The timing on this one is strange-the Sixers are still "in it"...???


----------



## Schilly (Dec 30, 2002)

Bfan, that news is from 2 years ago, it was being used to show Croce's involvement with Philly.


----------



## Storyteller (Dec 31, 2002)

> Originally posted by <b>Ed O</b>!
> 
> Well, maybe you can find one if you look. But if you do there won't be many. I guess George Karl is one, post-Whitsitt in Seattle. Naming coaches that have been fired when their GMs changed is much easier to do. See: Dallas, LAL, Detroit, Cleveland, Denver, Washington, Memphis, etc.


You're right about that one, *Ed O*. The only other situation I can think of is when Jerry West took over as GM of the Lakers in 1982 and retained Pat Riley. But it's pretty rare.
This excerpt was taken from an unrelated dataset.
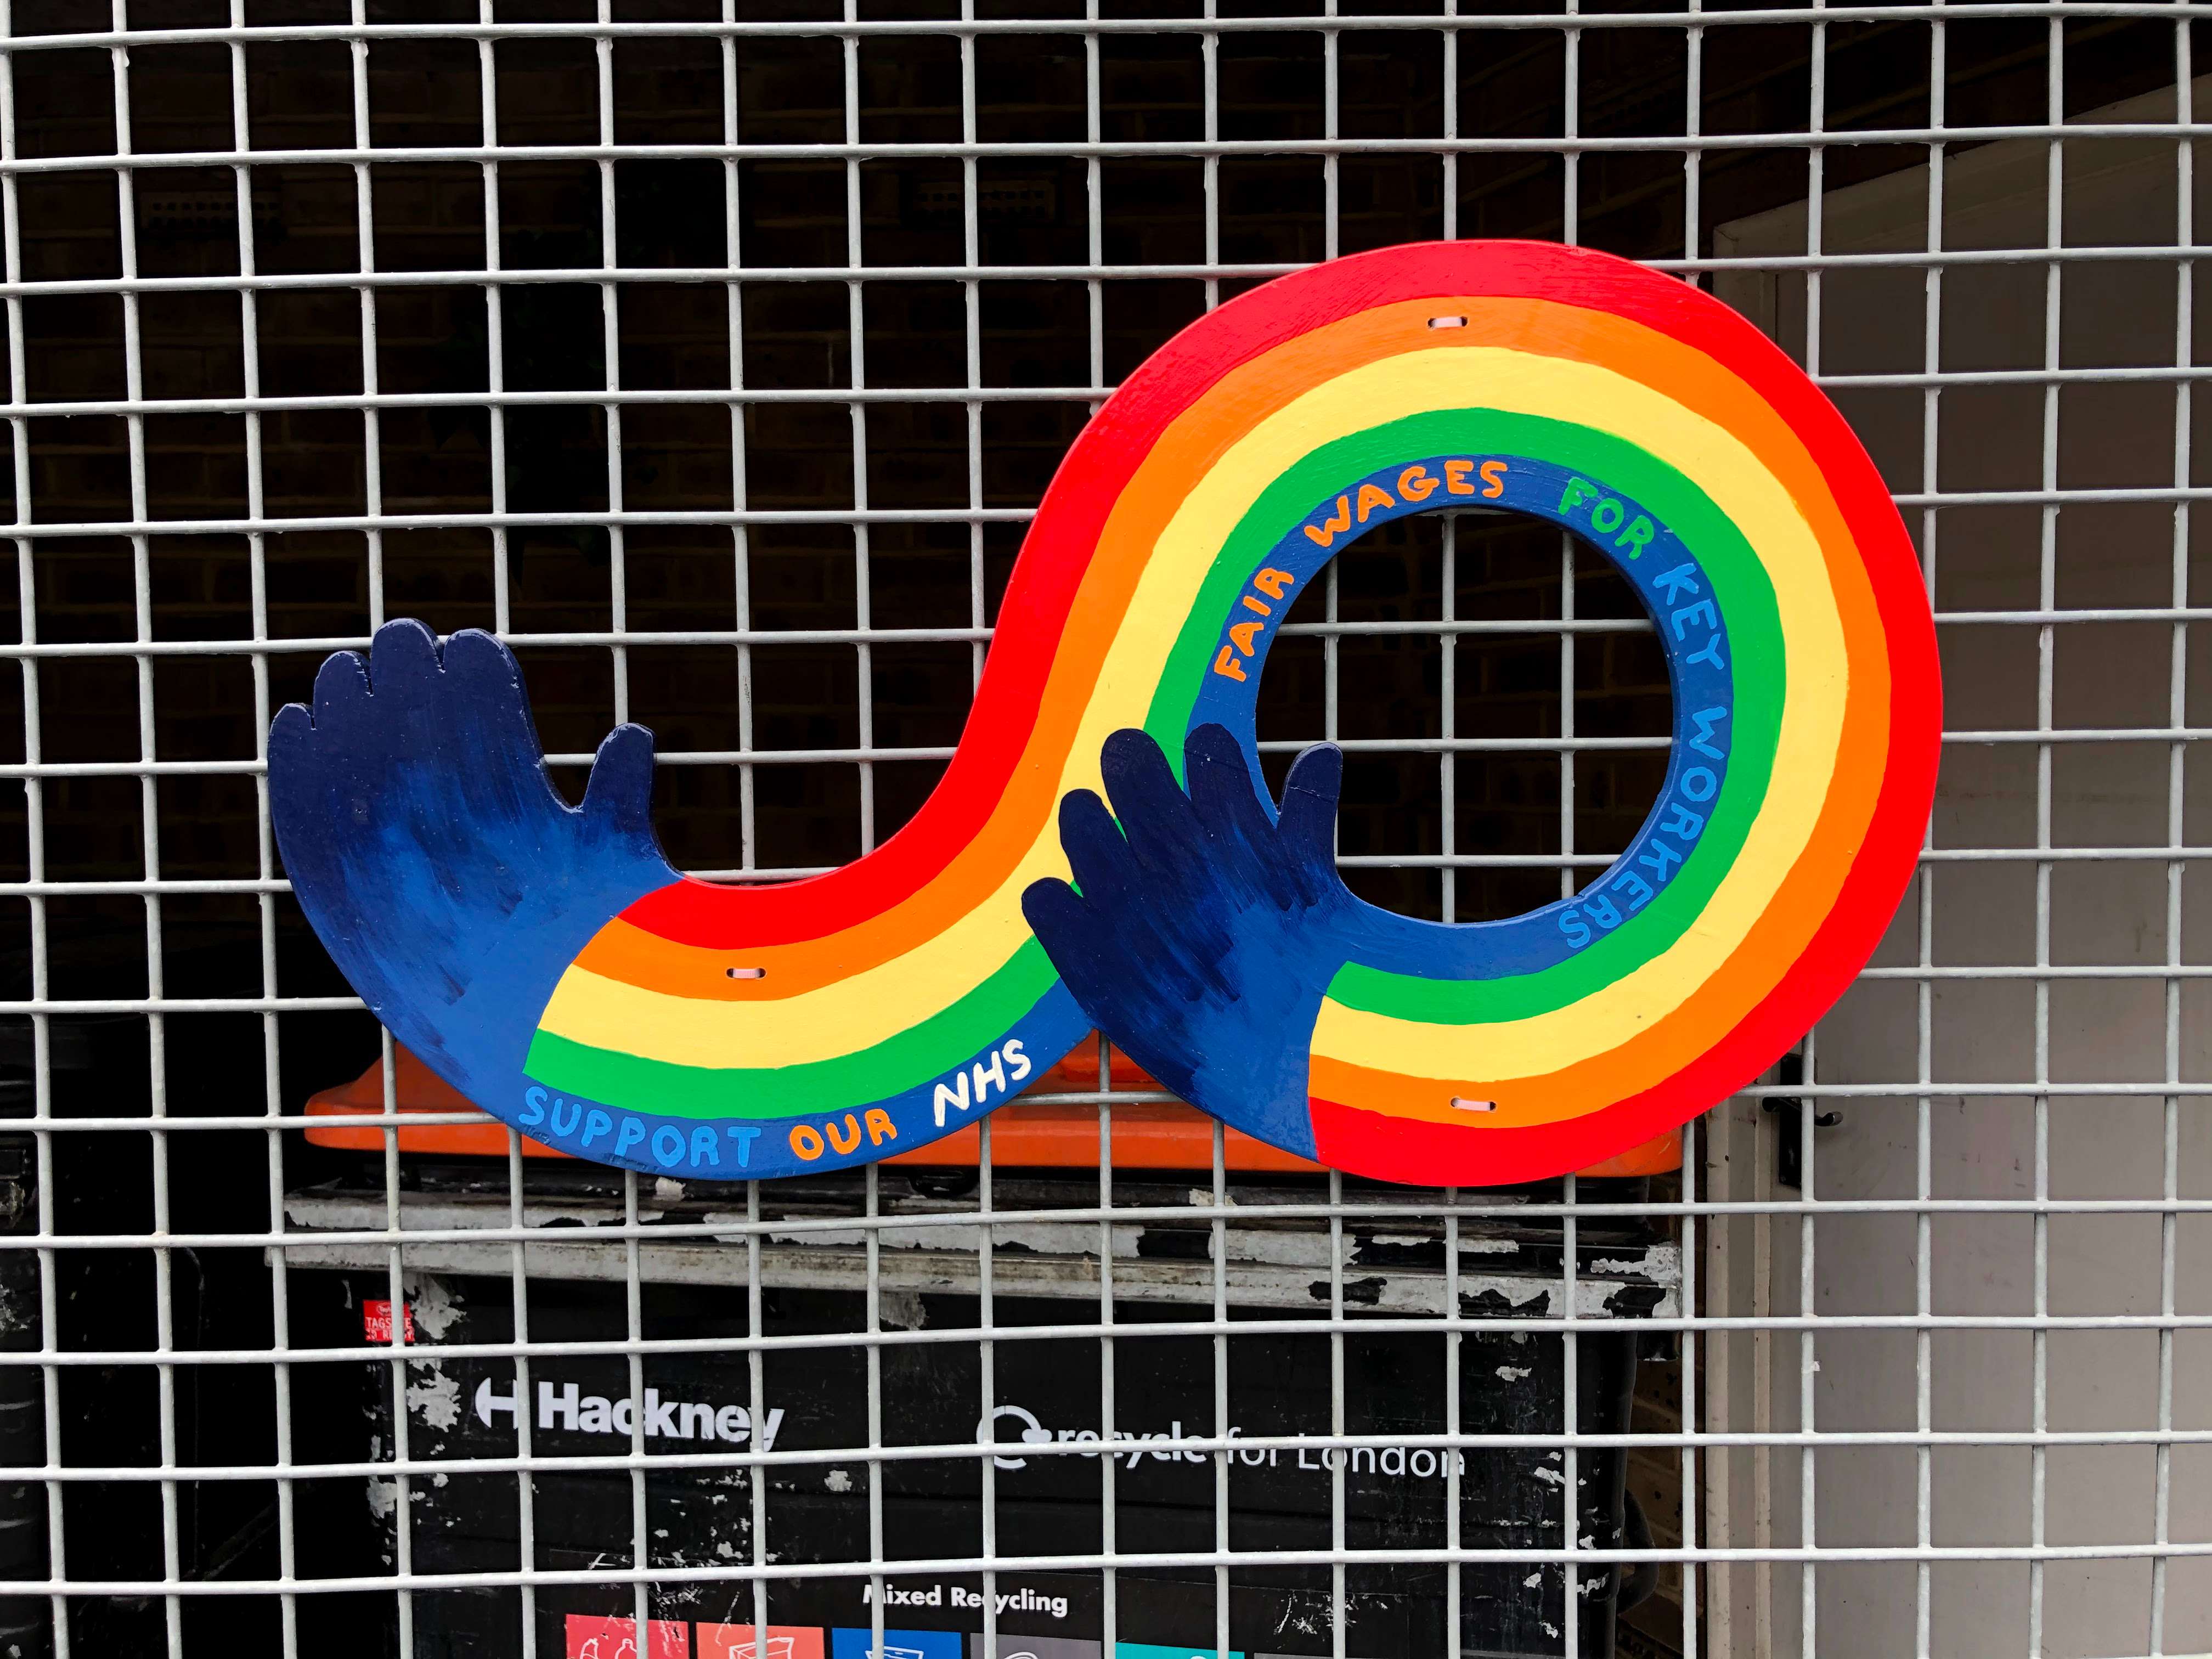 Rainbow colours with hands at each. Words 'Support Our NHS, Fair Wages for Key Workers' written on the blue band of the rainbow. The graphic is attached to a metal fence.

It's the exception to the rule when the coach stays.


----------



## Public Defender (May 5, 2003)

And of course, Jerry Sloan weathering the GM change in Utah would be another exception to the rule. 

Regardless of the trend, I anticipate Paul Allen telling the new GM that "Cheeks is the man" until proven otherwise.


----------



## Sheedfan30 (Apr 17, 2003)

*I think Whitsitt resigning is somewhat of a major help to the Blazers...*

First off, Bob did have his good trades like Rod Strickland and Harvey Grant for Rasheed Wallace, and Shawn Respert for Bonzi Wells. But he has a poor history with this team, like Jermaine O'Neal for Dale Davis, and paying Shawn Kemp 20 million dollars as a 9th man, and Rasheed Wallace, Scottie Pippen, and Damon Stoudamire in the teens of millions to never get out of the first round for 3 straight years. It also could mean less moves, which may not be as exciting, but will help the team have a much better level of cohesiveness.


----------



## bfan1 (Mar 5, 2003)

*Cheeks gets nod from Allen*



> Originally posted by <b>So Cal Blazer Fan</b>!
> 
> 
> You're right about that one, *Ed O*. The only other situation I can think of is when Jerry West took over as GM of the Lakers in 1982 and retained Pat Riley. But it's pretty rare. It's the exception to the rule when the coach stays.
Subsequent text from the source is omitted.